Sunrun customers’ batteries supplied the grid with an average of 48 MW each night, enough to power up to 48,000 homes — a city the size of Santa Monica — and peaked at 51 MW, exceeding the capacity of several costly and polluting gas-fired peaker plants in California. Home solar and battery systems are modernizing, transforming and strengthening the electric grid.
“We are so grateful that we can not only provide customers with a greater sense of energy independence, resilience and affordability but that those same systems can support our communities to make California’s grid more reliable — especially as scorching heat puts extra stress on the grid this summer,” said Sunrun CEO Mary Powell. “By sharing their stored solar energy, Sunrun customers are boosting energy supplies, reducing energy costs for all Californians and preventing rolling blackouts.”
Sunrun’s CalReady is the largest single-owner virtual power plant in the state’s Demand Side Grid Support program, which is administered by the California Energy Commission. CalReady is available to support California’s grid each day from 4 to 9 p.m. through October — the time of day and season when there is the greatest demand for energy and the grid is most vulnerable to outages. Sunrun customers enrolled in CalReady are compensated for sharing their stored solar energy and Sunrun is paid for dispatching the batteries.
News item from Sunrun
Solarman2 says
” Batteries from over 16,000 Sunrun customers’ solar + storage systems dispatched power for four consecutive evenings from July 9 to 12 during peak hours.”
Average about 3kWh from each customer in the VPP program, or something like an average of 0.6kWh for those TOU periods.

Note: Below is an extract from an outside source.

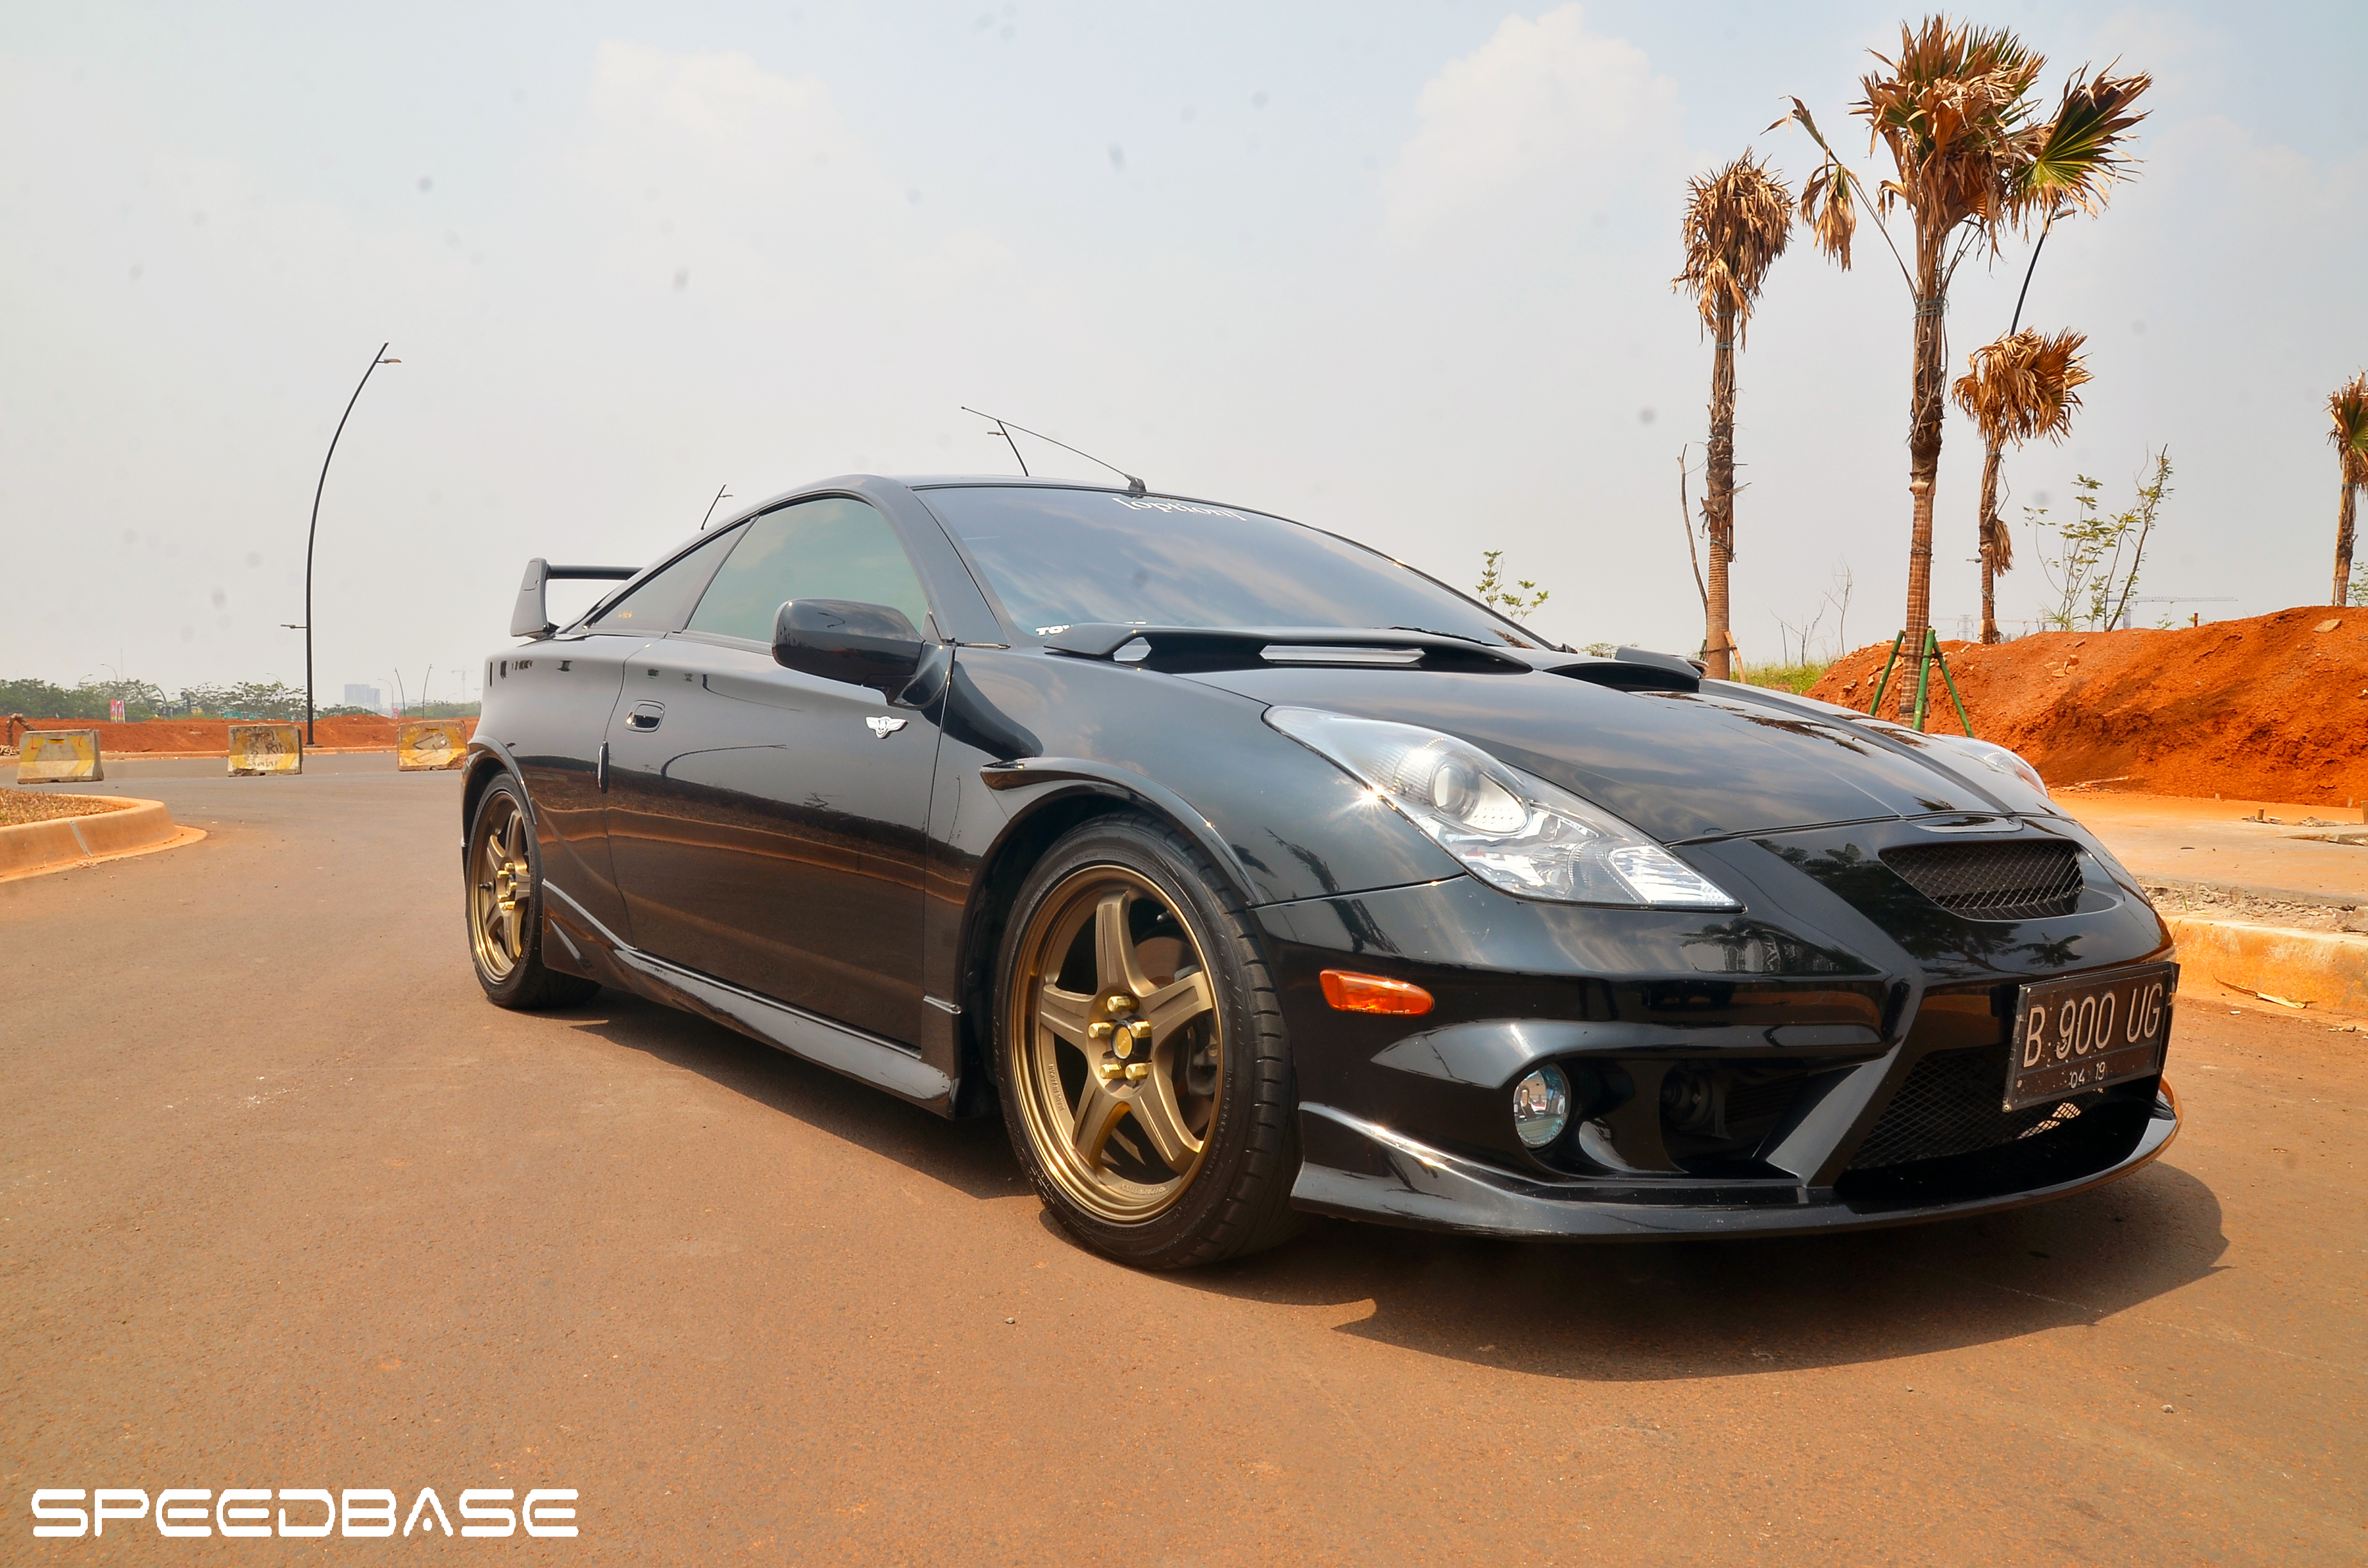 Justins 2004 Toyota Celica TRD Never Look Old MOVED TO

So, if one can extrapolate this 16,000 and 3 kWh, what would the consideration of the 1,000,000 solar roofs initiative with battery storage look like at 3kWh, about 3GWh. What (if) these million ‘homes’ had bidirectional BEVs and grid interactive VPP status, how long could one drive the grid in VPP mode overnight?
This is a local VPP of from 600Wh to 638Wh during TOU and with the proper battery storage with considerations to handle the home during a PSPS one might have 48kWh on hand and 1kWh for 5 hours would be nothing on any given day.